Déclencheur de la plus grosse affaire politico-criminelle de ces dernières décennies en Chine, Wang Lijun est passé en quelques heures du statut de super-policier craint et respecté à celui d'un renégat bon à mettre durablement sous les verrous.

L'agence officielle Chine nouvelle a annoncé mercredi son inculpation pour défection, abus de pouvoir et corruption, sans préciser la date ni le lieu de son éventuel procès.

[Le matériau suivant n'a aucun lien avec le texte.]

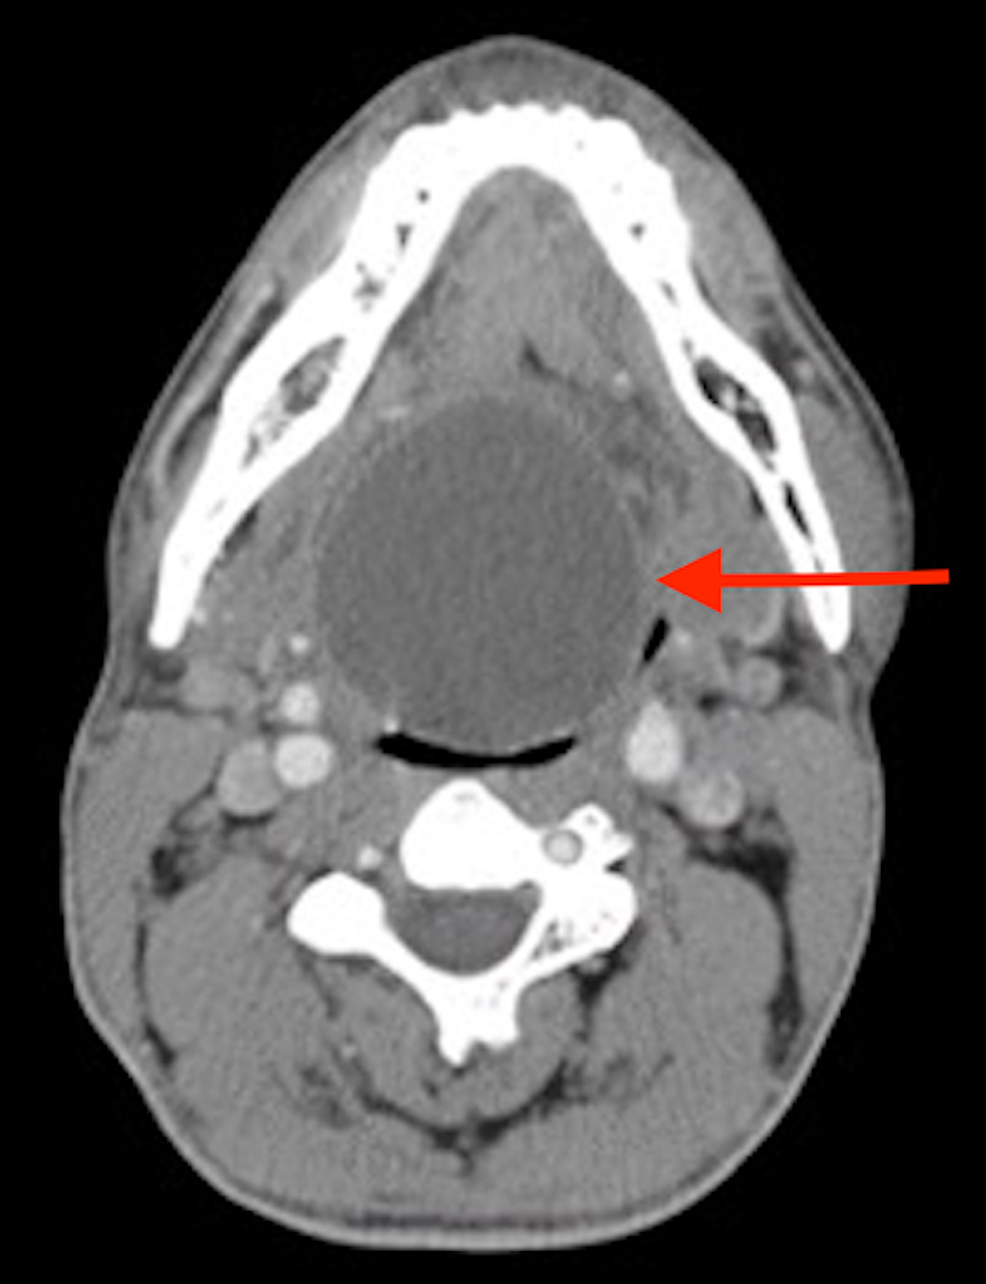 CT-image-of-the-mass-lodged-in-the-oropharynx,-as-indicated-by-the-red-arrow.-

Tout bascule pour lui un jour de février où, brutalement tombé en disgrâce auprès de son patron Bo Xilai - l'ancien maître absolu de Chongqing -, M. Wang tente de trouver refuge dans un consulat américain proche de cette métropole géante.

Là, devant des diplomates qui n'en croient pas leurs oreilles, il déballe au grand jour les turpitudes qui se sont déroulées à Chongqing. Et notamment l'assassinat d'un Britannique commis par Gu Kailai, l'épouse de M. Bo.

Wang Lijun cherche alors à se protéger, mais de fait il précipite sa chute. Sitôt sorti du consulat, il est transféré à Pékin. On ne l'a plus revu depuis.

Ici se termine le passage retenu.